### INFORMATION

::::::

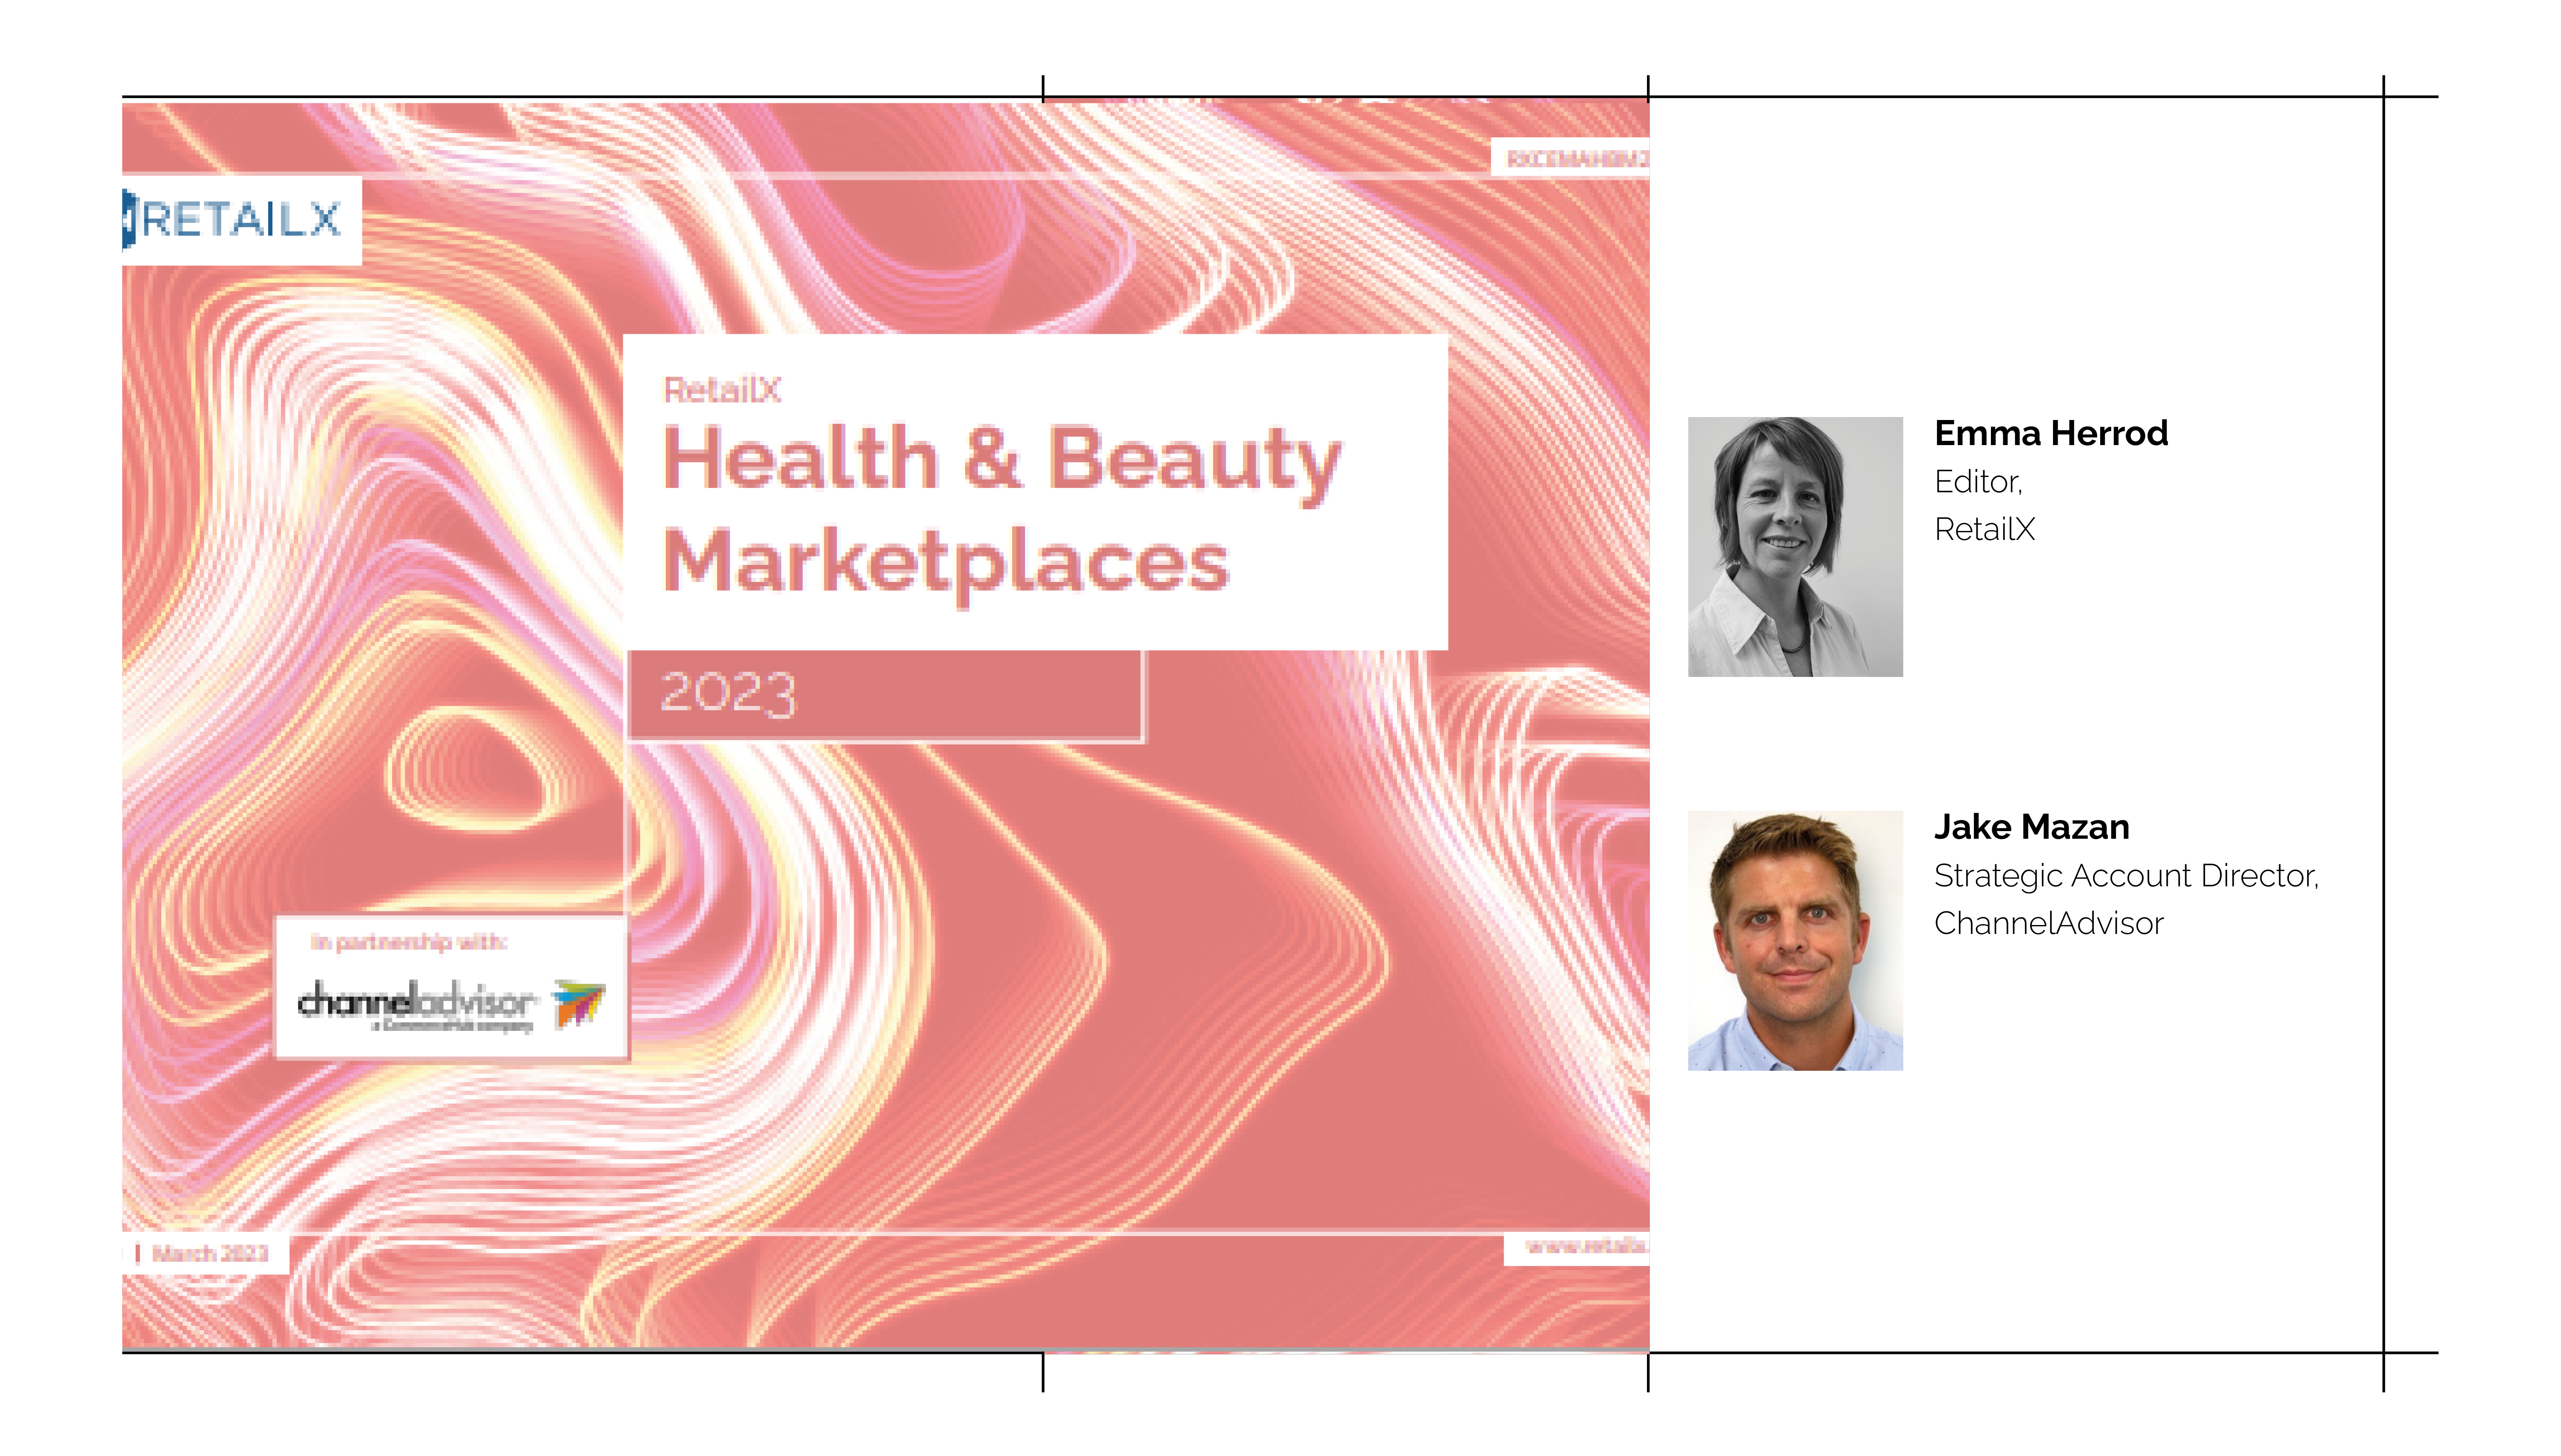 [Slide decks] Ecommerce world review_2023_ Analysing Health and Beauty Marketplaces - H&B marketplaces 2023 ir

::::::

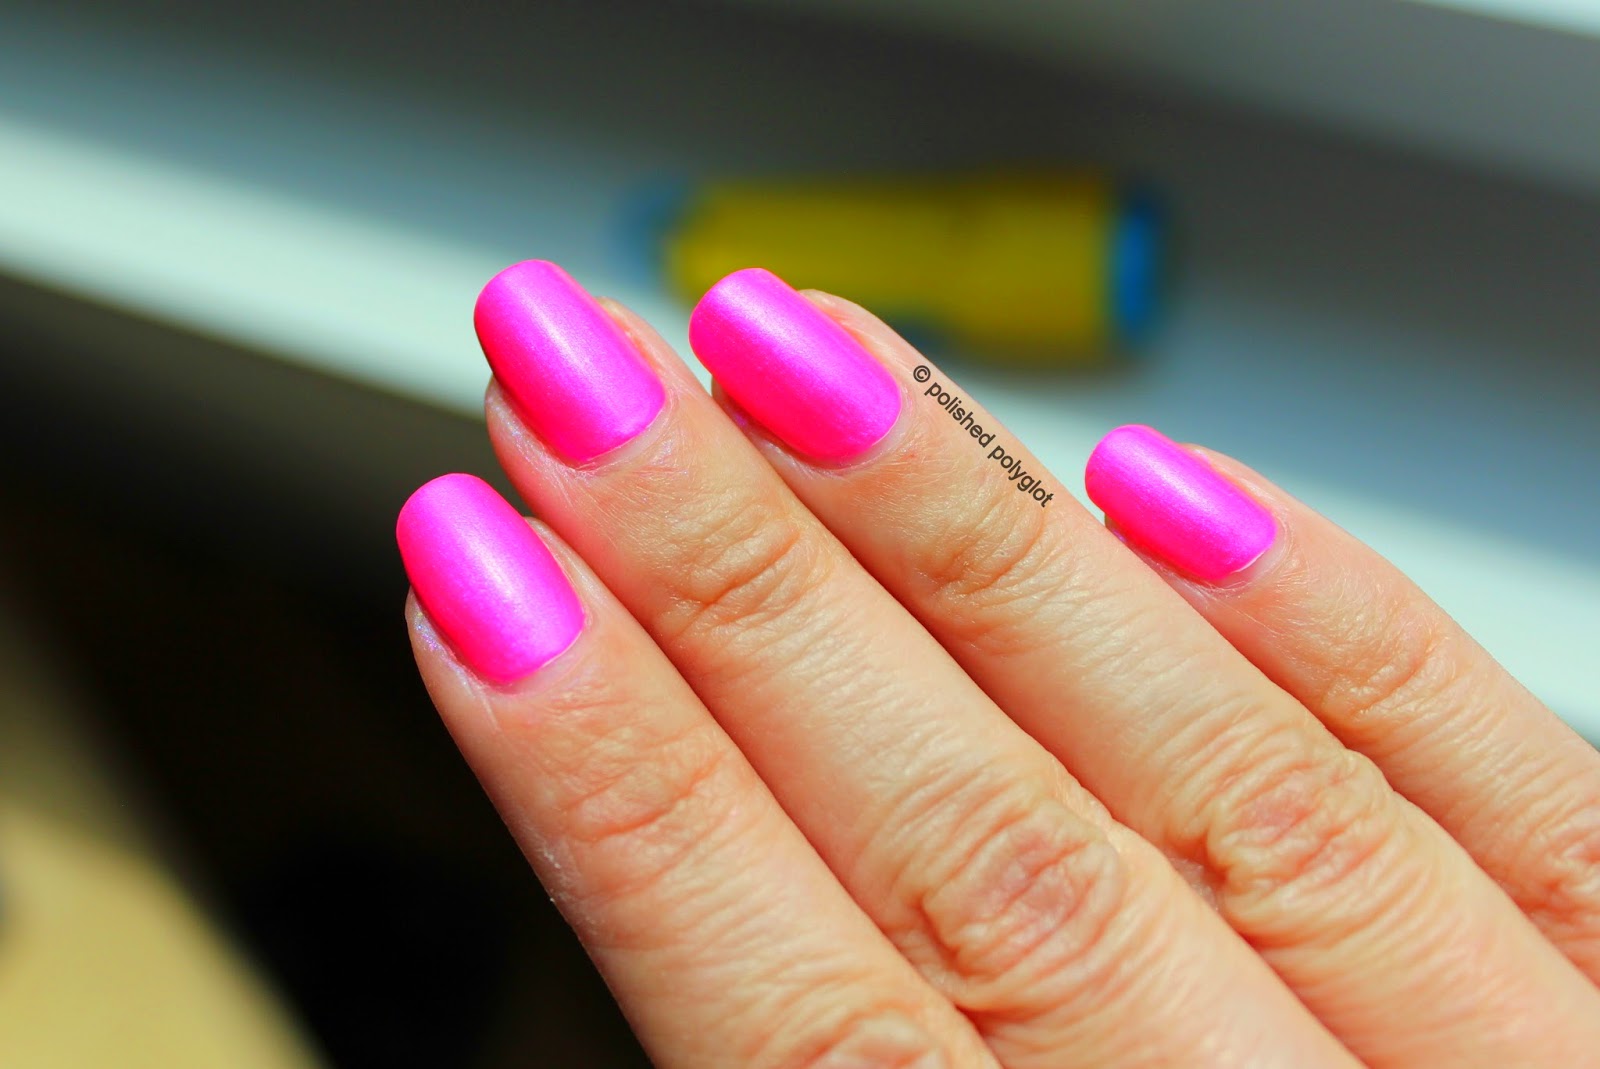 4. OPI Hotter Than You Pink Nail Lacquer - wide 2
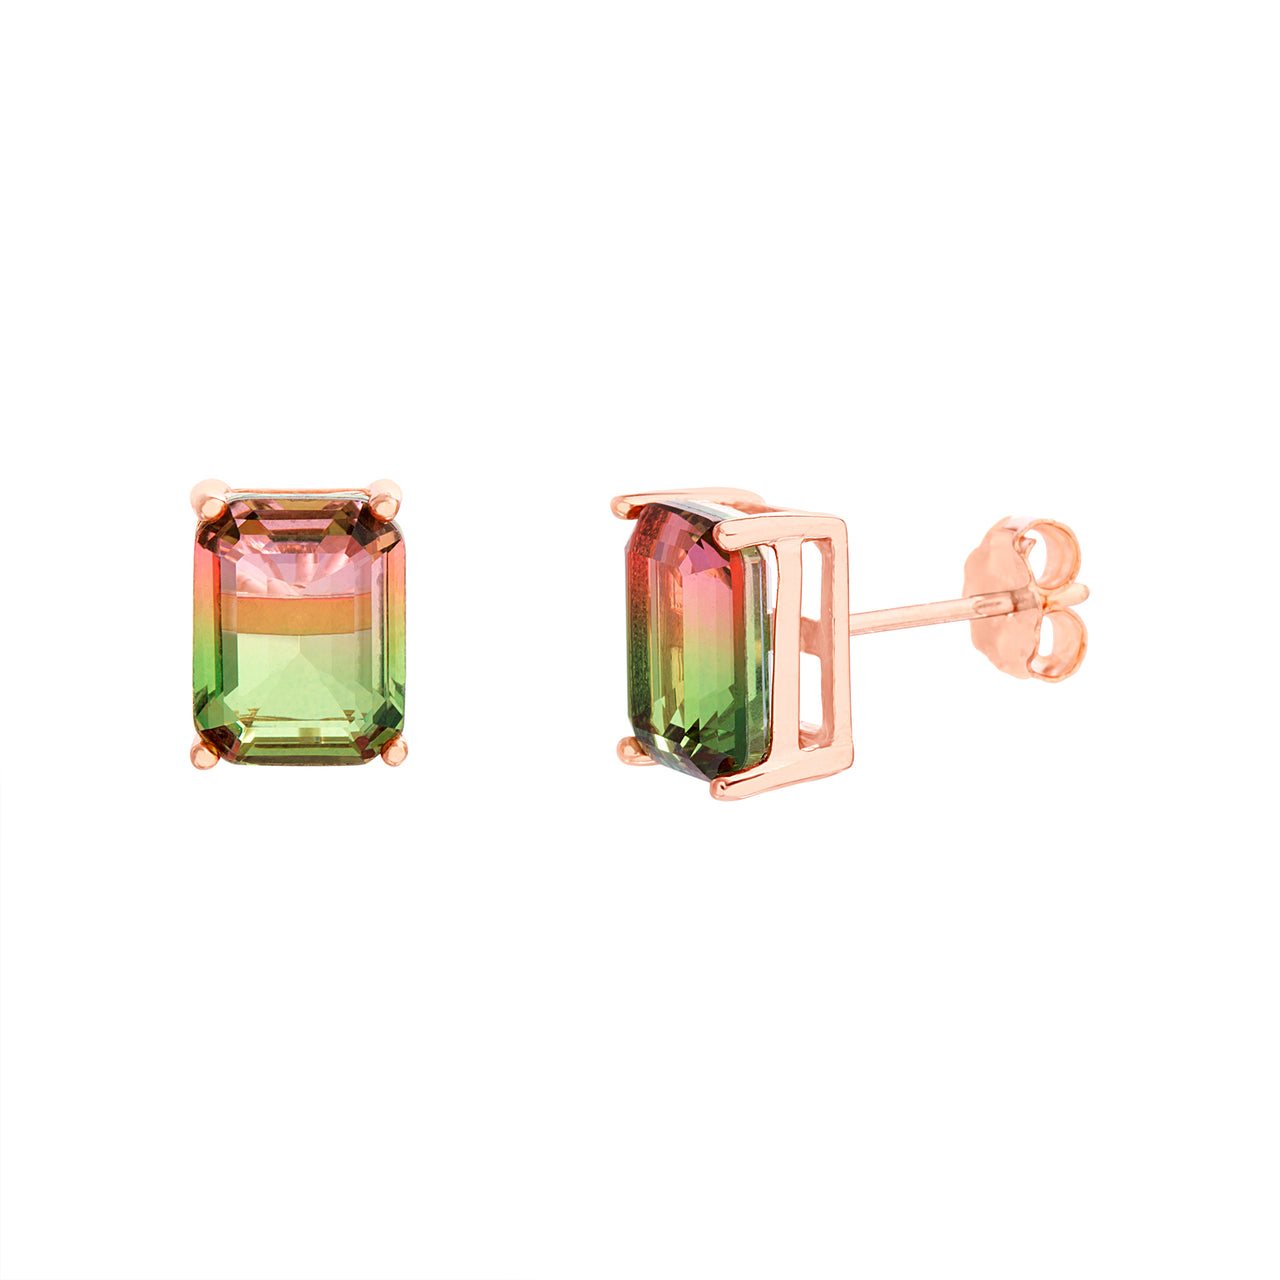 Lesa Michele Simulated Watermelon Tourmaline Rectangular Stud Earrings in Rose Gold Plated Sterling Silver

::::::

### WHAT YOU WILL DO
Repeat exactly the stretch of the listing above that starts with the line holding "4. OPI Hotter" and finishes with the line holding "Lesa Michele Simulated", both included. Skip every picture.

### RESPONSE AREA
 4. OPI Hotter Than You Pink Nail Lacquer - wide 2
 Lesa Michele Simulated Watermelon Tourmaline Rectangular Stud Earrings in Rose Gold Plated Sterling Silver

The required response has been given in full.